[Algorithm Notes] BF and KMP Algorithms

1. BF algorithm

1.1 Introduction

BF algorithm, or brute force algorithm, is a common pattern matching algorithm. BF algorithmThoughtIt is to match the first character of the main string S with the first character of the substring T. If they are equal, continue to compare the second character of S and T; if not, compare the second character of S with the first character of T. The comparison is continued until the final matching result is obtained. BF algorithm is a brute force algorithm.

1.2 Simulation process (idea)

We can first assume that the main string is:ababcabcdabcde

Suppose the substring is:abcd

Next, we will simulate how to find the string matching the substring in the main string and return its position

insert image description here

In the above string, i and j are the indices of the main string and the substring respectively, both starting from 0.

  • i == jWhen , i and j each take one step back.

    As in the above string, i == j == 0when , the substring characters are equal to the main string characters, so i and j go one step further. i == j == 1When , the substring characters are equal to the main string characters, so i and j each take one step back.

  • i != jWhen , at this time j == 0, i = i - j + 1(the reason is that when i == j, i and j take one step together each time)

    As in the above string, i == j == 3when , the substring character is not equal to the active character, and the substring must be traversed from the beginning, ie j == 0. The position of the main string traversal will return to the next index position of the first index in this traversal. Since the substring and the main string are all taken step by step, the position of the index when returning to this traversal is ij , and the next index to this position is i-j+1.

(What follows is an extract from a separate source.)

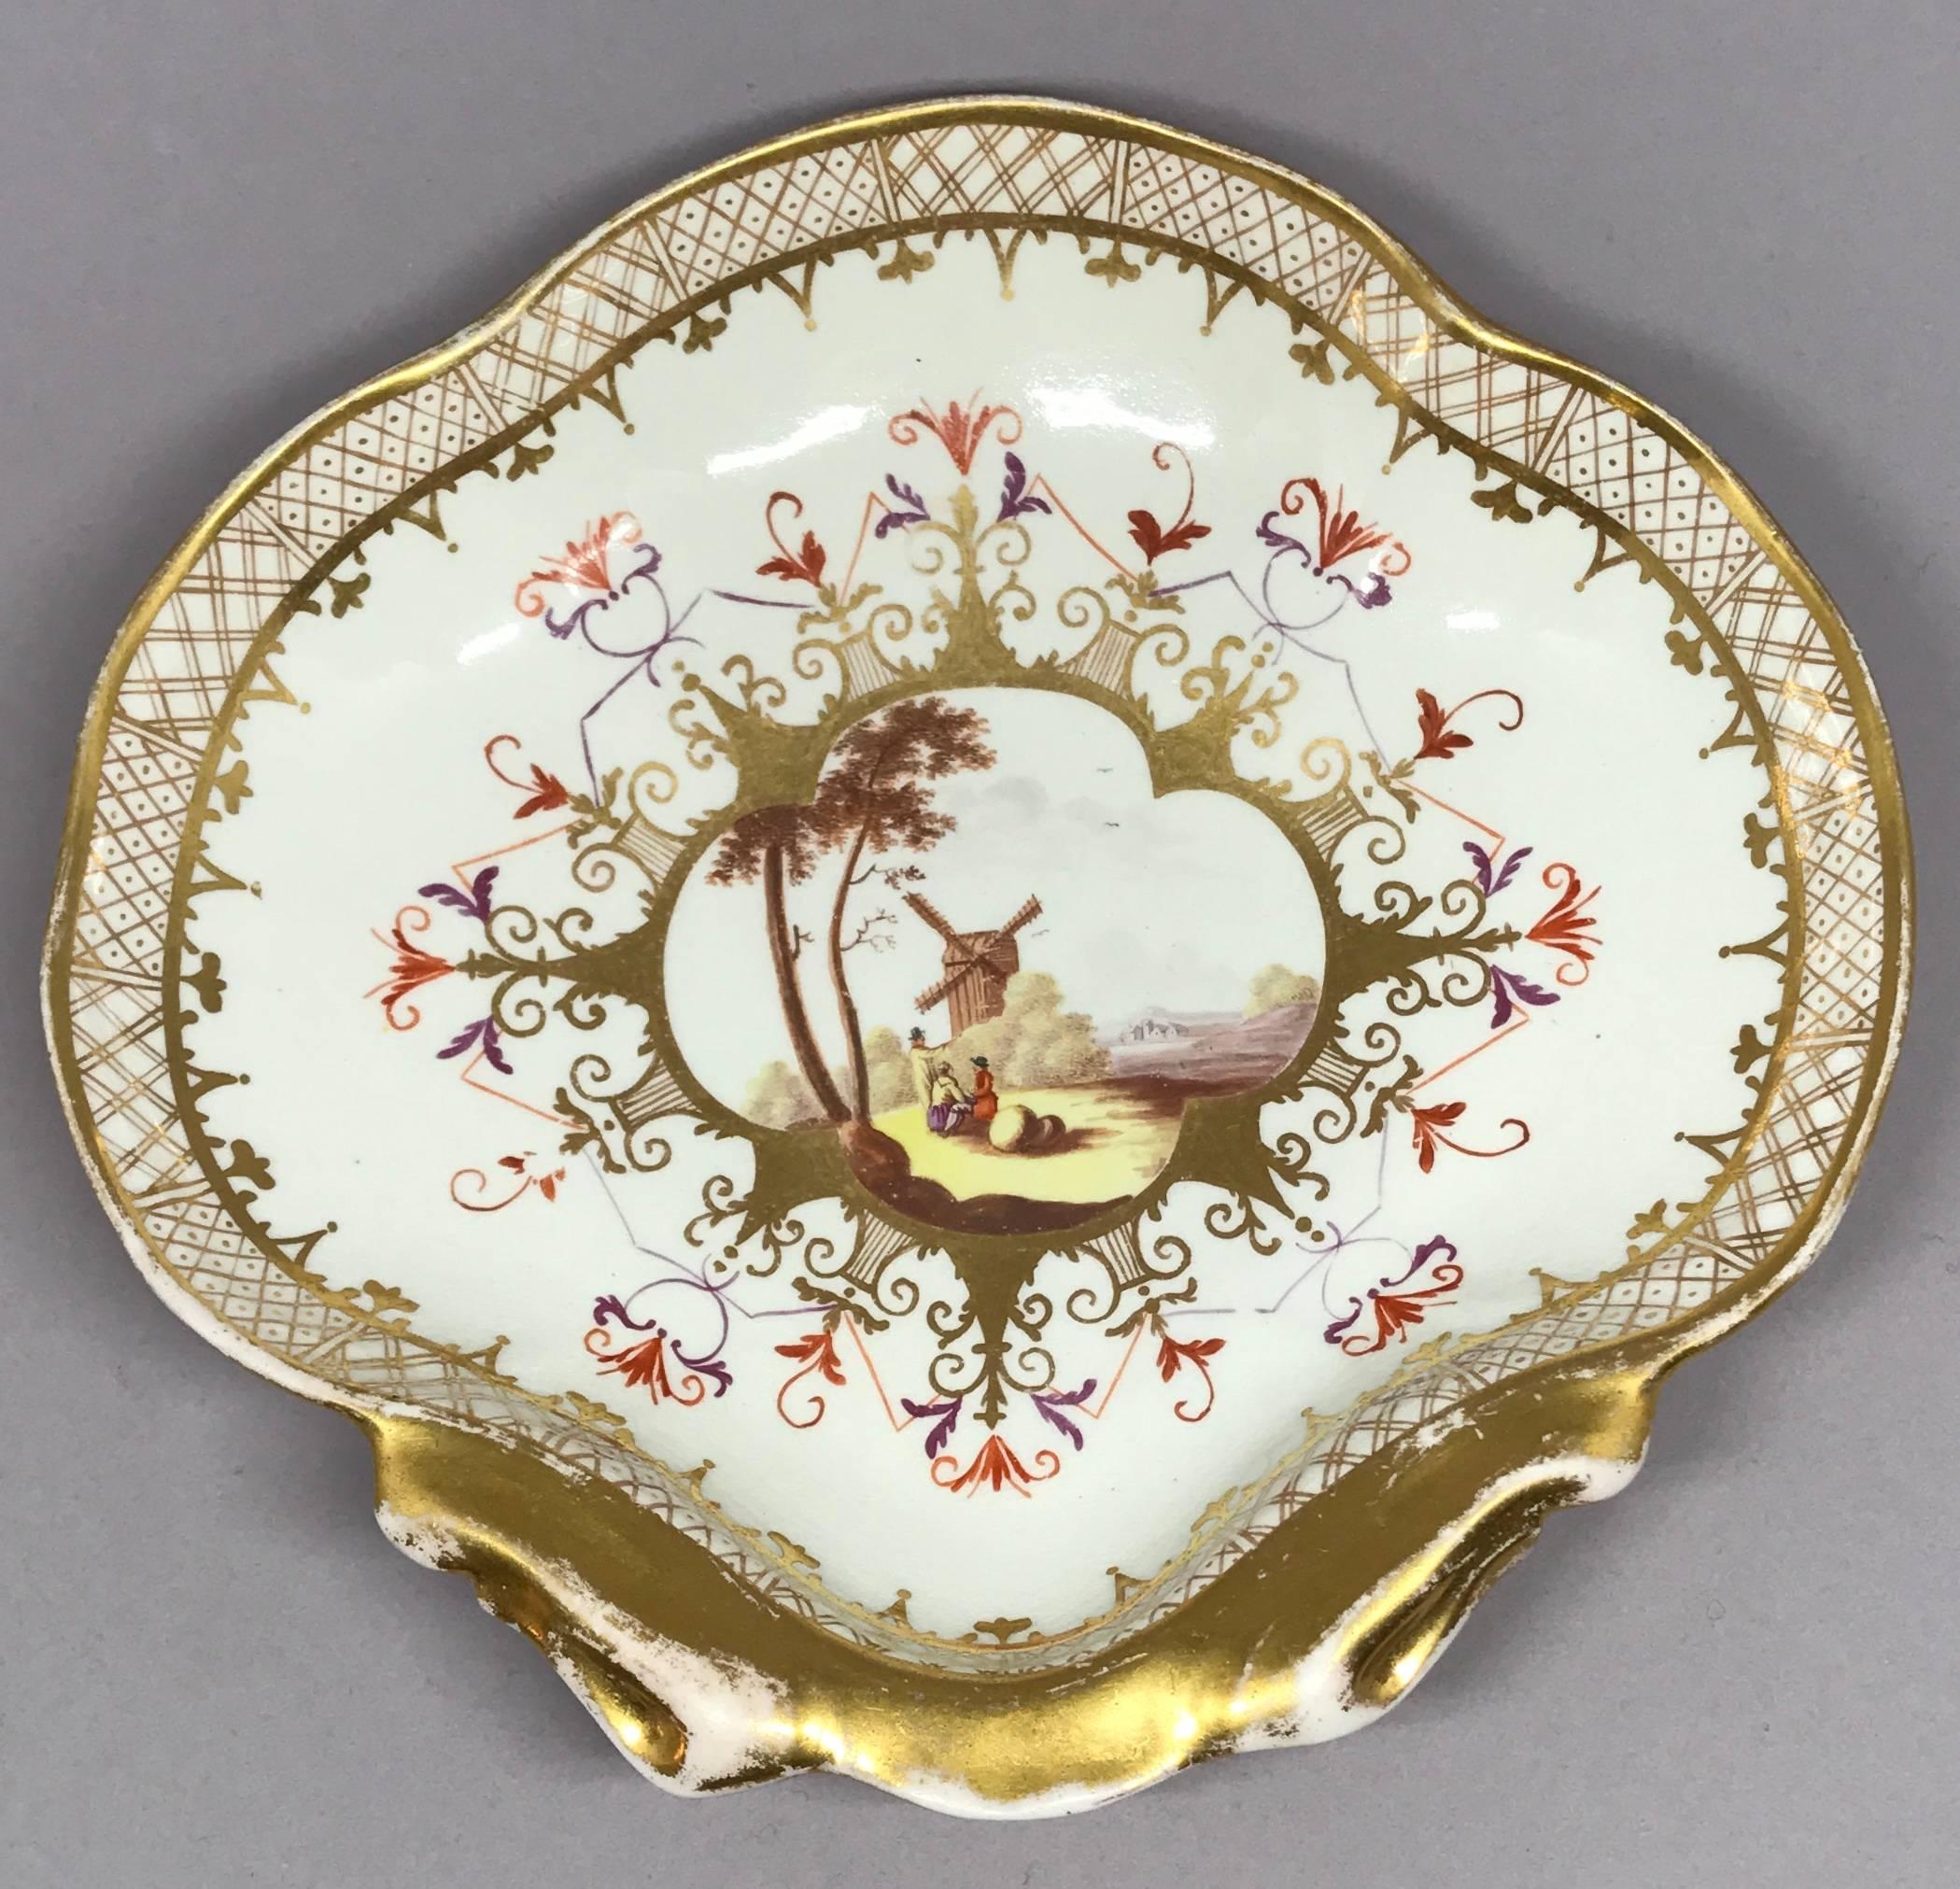 English iron red and gilt shell form serving dish after Meissen.  English chinoiserie shell form dish after Meissen. A rare coal port gilt porcelain sweetmeat plate decorated in the Meissen style with figures in a Dutch landscape painted in iron red
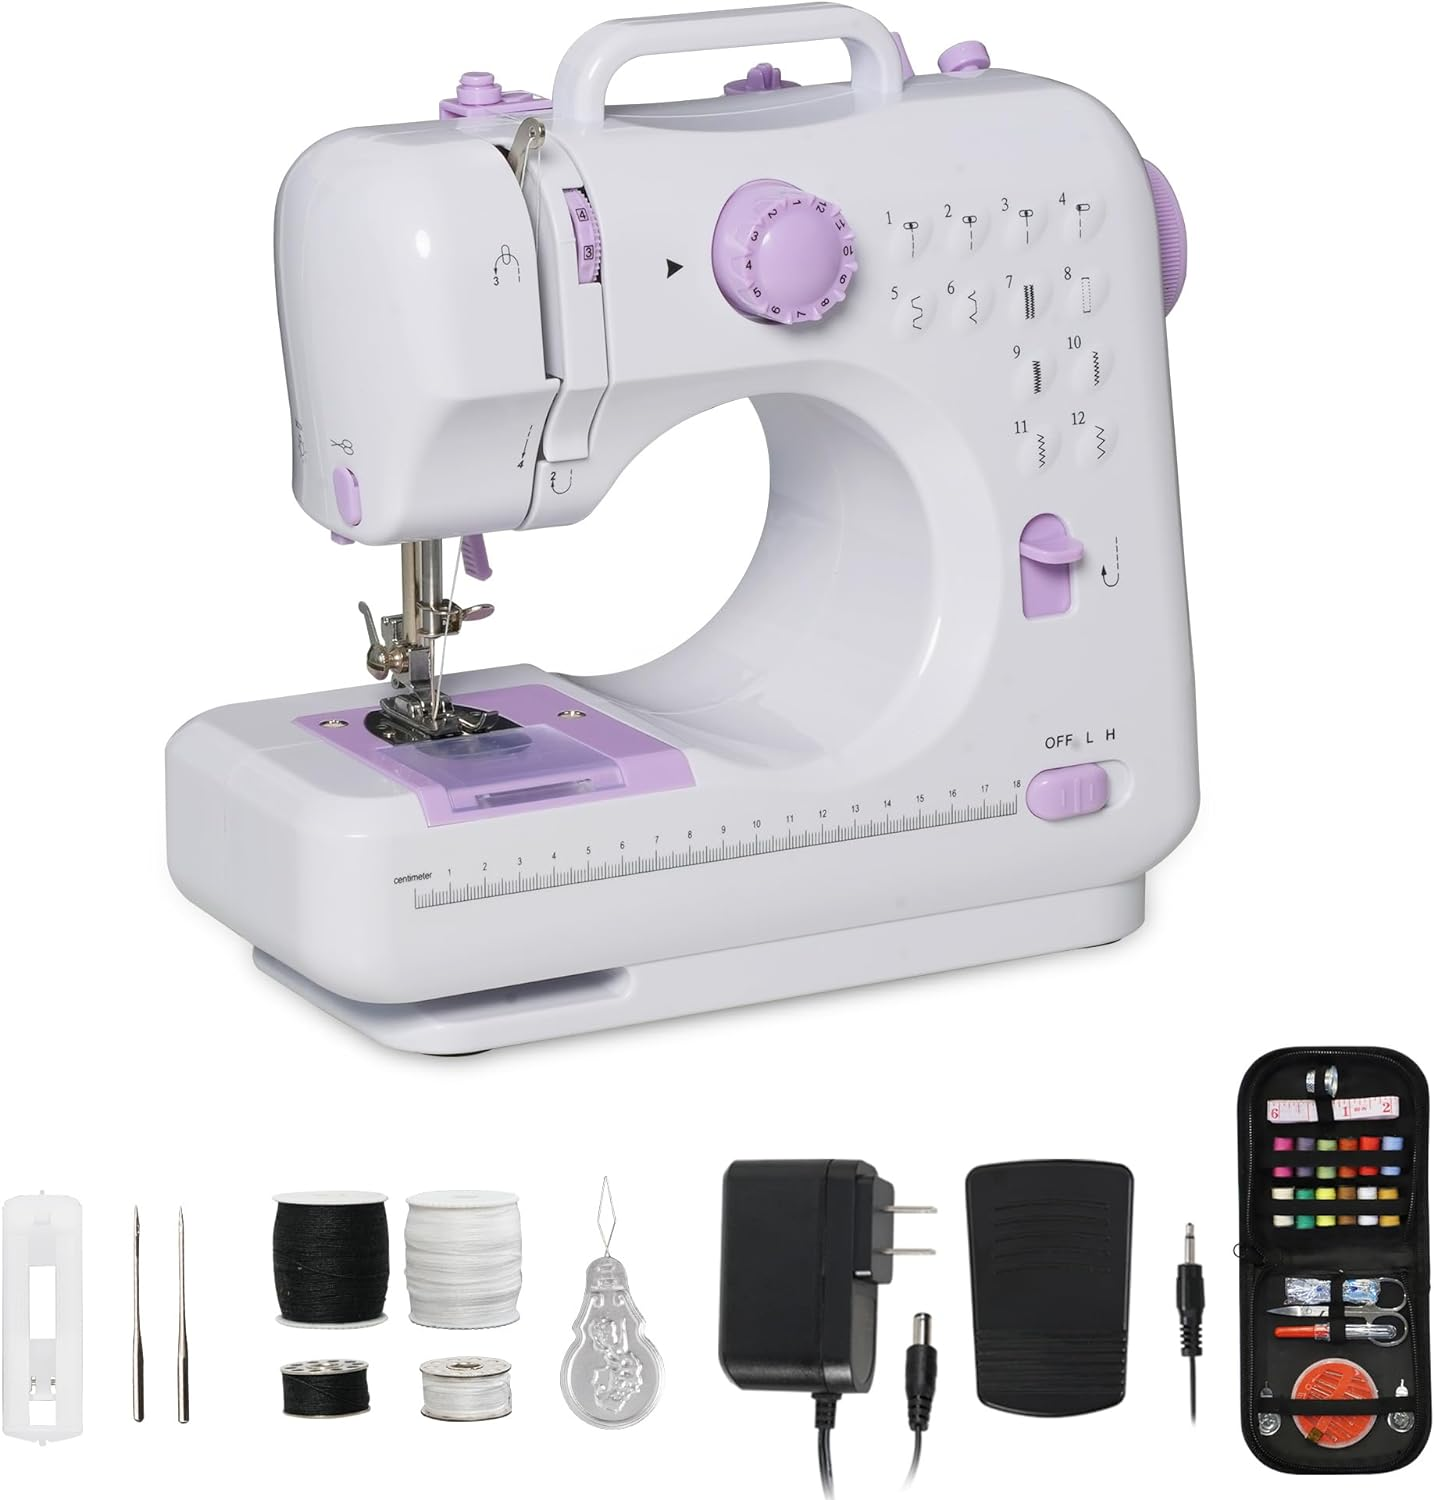 Portable Sewing Machine Mini Electric Household Crafting Mending Sewing  Machines Multi-Purpose 12 Built-in Stitches with Foot Pedal for Home  Sewing

  • At the end of the traversal, j == 子串长度when , the substring is found in the main string, and the position of the substring found in the main string is returned i = ij

  • At the end of the traversal, j != 子串长度when , no substring is found in the main string, and -1 can be returned to indicate that the query fails

1.3 Sample code

We can write a BF algorithm according to the above simulation process and its ideas

public static int BF(String str,String sub,int pos){
    
    
    // 首先对主串和子串的特殊条件,以及主串初始查询的位置进行处理
    if(str==null || sub==null){
    
    
        return -1;
    }
    int lenStr=str.length();
    int lenSub=sub.length();
    if(lenStr==0 || lenSub==0){
    
    
        return -1;
    }
    if(pos<0 || pos>=lenStr){
    
    
        return -1;
    }
    int i=pos;  // i 表示主串的起始坐标
    int j=0;    // j 表示子串的起始坐标
    // 遍历,进行主串对子串的查询
    while(i<lenStr && j<lenSub){
    
    
        if (str.charAt(i) == sub.charAt(j)) {
    
    
            i++;
            j++;
        }else{
    
    
            i=i-j+1;
            j=0;
        }
    }
    if(j==lenSub){
    
    
        return i-j;
    }
    return -1;
}

Replenish:

charAt(index)The method is a method in the String class, and its function is to return the character at the specified index of the string.

1.4 Time Complexity

The worst time complexity of the BF algorithm is: O(m*n), where m is the length of the main string and n is the length of the substring

2. KMP algorithm

2.1 Introduction

KMP algorithm is an improved string matching algorithm proposed by DEKnuth, JH Morris and VRPratt, so people call it Knuth-Morris-Pratt operation (referred to as KMP algorithm). KMP algorithmcoreIt uses the information after the matching failure to minimize the number of matches between the substring and the main string, and achieves the purpose of fast matching. The specific implementation is through anext arrayImplementation, the array itself contains the matching local information of the substring

2.2 Simulation process (idea)

2.2.1 Overall idea

We can first assume that the main string is:abcababcabc

Suppose the substring is:abcabda

Next, we will use the idea of ​​the KMP algorithm to simulate the query of substrings in the main string.

insert image description here

In the above string, i and j are the indices of the main string and the substring respectively, both starting from 0.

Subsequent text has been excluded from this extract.